Discrètement, Camus agissait, notamment avec Germaine Tillion la célèbre ethnologue (100 ans cette année), pour sauver de la guillotine des activistes algériens (lire de G.Tillion «les ennemis complémentaires», éditions Tirésias 2005) tout en ayant fait le choix de rester publiquement silencieux au sujet de cette sale guerre : «le terrorisme tel qu'il est pratiqué en Algérie a beaucoup influencé mon attitude (sur l'Algérie). Quand le destin des hommes et des femmes de son propre sang se trouve lié, directement ou non, à ces articles que l'on écrit si facilement dans le confort du bureau, on a le devoir d'hésiter et de peser le pour et le contre. Pour moi, si je reste sensible au risque où je suis, critiquant les développements de la rébellion, de donner une mortelle bonne conscience aux plus anciens et aux plus insolents responsables du drame algérien, je ne cesse pas de craindre, en faisant état des longues erreurs françaises, de donner un alibi, sans aucun risque pour moi, au fou criminel qui jettera sa bombe sur une foule innocente où se trouvent les miens» (cf «Avec Camus. Comment résister à l'air du temps» Jean Daniel Gallimard 2006).

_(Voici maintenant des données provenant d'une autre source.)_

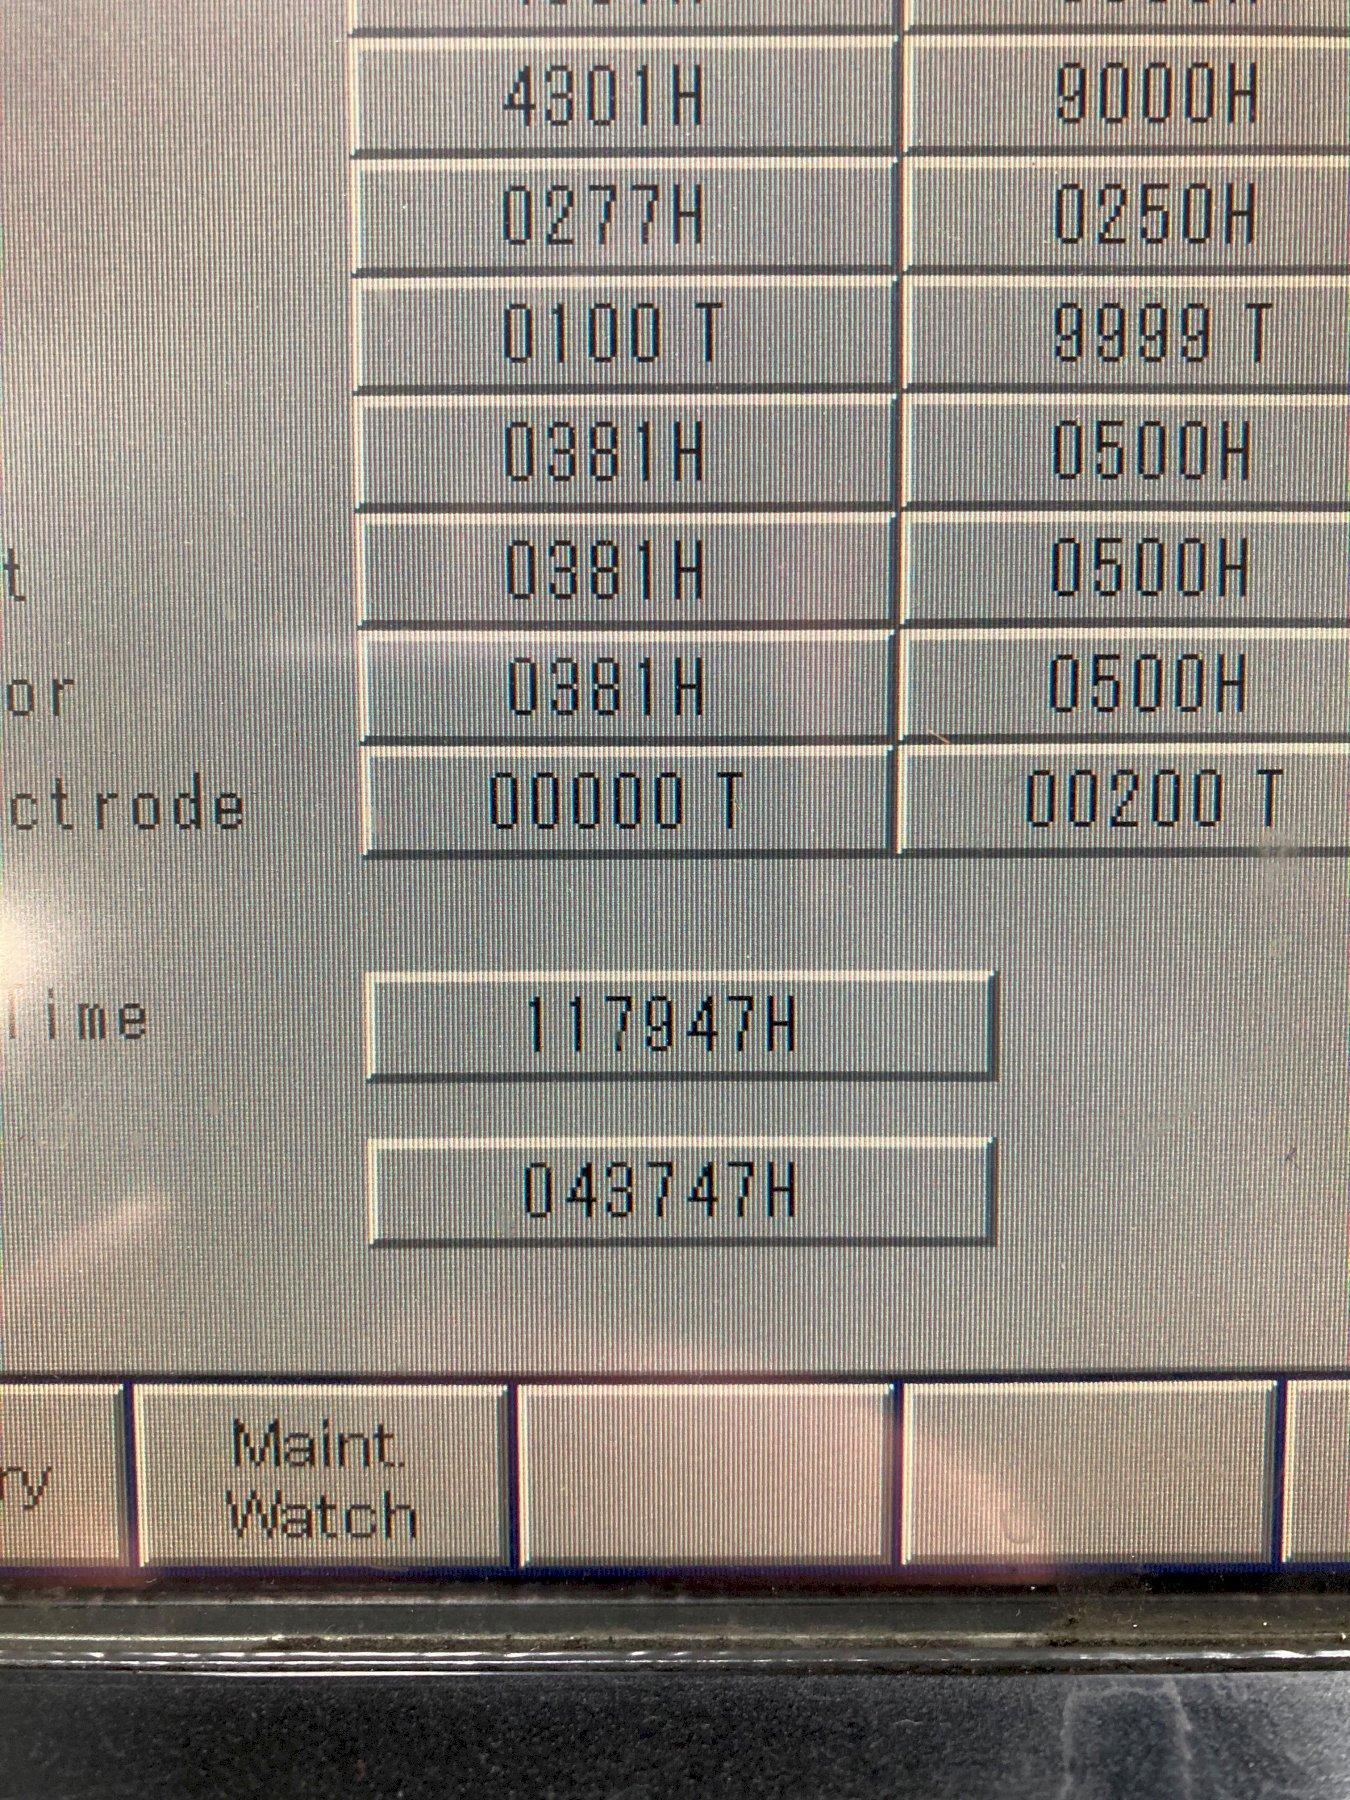 "Sodick AQ537L CNC Wire EDM, LQ33W Control, 22""/15""/14"" Travels, Auto Threading, Submerged Cutting, Linear Motors, Glass Scales, 3300 Lb Capacity, 2007"

Quelle belle leçon d'humanisme, de journalisme. Ce propos me fait penser au titre et à l'objet du livre de André Rossfelder, ami de Camus (concepteur de la COMEX, un des découvreurs de pétrole en Algérie en 1947 âgé de 82 ans il vit aux USA) «le Onzième Commandement» Gallimard 2000, « tu seras fidèle aux tiens, surtout quand la nation les oublie ou les diffame»… A méditer !
Est donc assassinable, aux yeux d'un terroriste (notre semblable ? Quelles Valeurs nous en protègent ?) celui qui a le seul tort d' «être», entrave physique à son délire ethnicide!
En réalité, la phrase complète de Camus à son interrogateur/interlocuteur, lui donnant ainsi tout son sens, est la suivante: « En ce moment on lance des bombes dans les tramways d'Alger. Ma mère peut se trouver dans un de ces tramways. Si c'est cela, la justice, je préfère ma mère ». Tout homme, qui plus est méditerranéen quand on connait la place qu'occupe la Mère dans nos cultures de toutes les rives de la Méditerranée, ne peut pas ne pas comprendre, sans a priori, ce que dit Camus.
En 2005, un colloque sur Camus est organisé à Alger. Une première, perle rare! Le Président algérien A. Bouteflika y fit une visite et à Jean Daniel, présent, il dit ceci qui ne peut pas manquer de nous surprendre : «Vous savez comment je vérifie que Camus est un véritable enfant de l'Algérie? C'est lorsqu'il dit que si sa mère était attaquée, il préférerait la défendre plutôt que la justice. Et bien, c'est exactement ce que je sens, ce que je ferais, et je ne vois pas pourquoi Camus n'aurait pas eu le droit de le dire».
Bravo Monsieur le Président! Alors, qu'attend l'Algérie officielle pour honorer un de ses illustres enfants?
Pas une rue, pas une place, pas un lieu en Algérie, aujourd'hui ne porte son nom. Quel comble pour ne pas dire plus!
En 1960, après sa mort, le Conseil Municipal de Mondovi (Dréan de nos jours), son village natal, souhaita baptiser la rue centrale de son nom. L'exode des Français d'Algérie et l'Histoire en voulut autrement. Peut-être qu'aujourd'hui, Dréan (ancien Mondovi) pourrait le reprendre à son compte....?
Ah si, un lieu, un seul sur la terre algérienne pour honorer symboliquement Camus: une stèle sur le merveilleux site romain de Tipasa, ancien comptoir punique, patrimoine mondial de l'UNESCO depuis 1982 (l'Algérie regorge de ces site merveilleux : Djemilla, Lambèse, Hippone, Tiddis, Timgad, Guelma...) déposée avant l'indépendance par un de ses amis, artiste, reprenant une des phrases de son livre, Noces, «ici on comprend ce qu'on appelle gloire, le droit d'aimer sans mesure». A méditer! Quelle ode à la Méditerranée, à l'algérianité, à l'amour de la terre algérienne.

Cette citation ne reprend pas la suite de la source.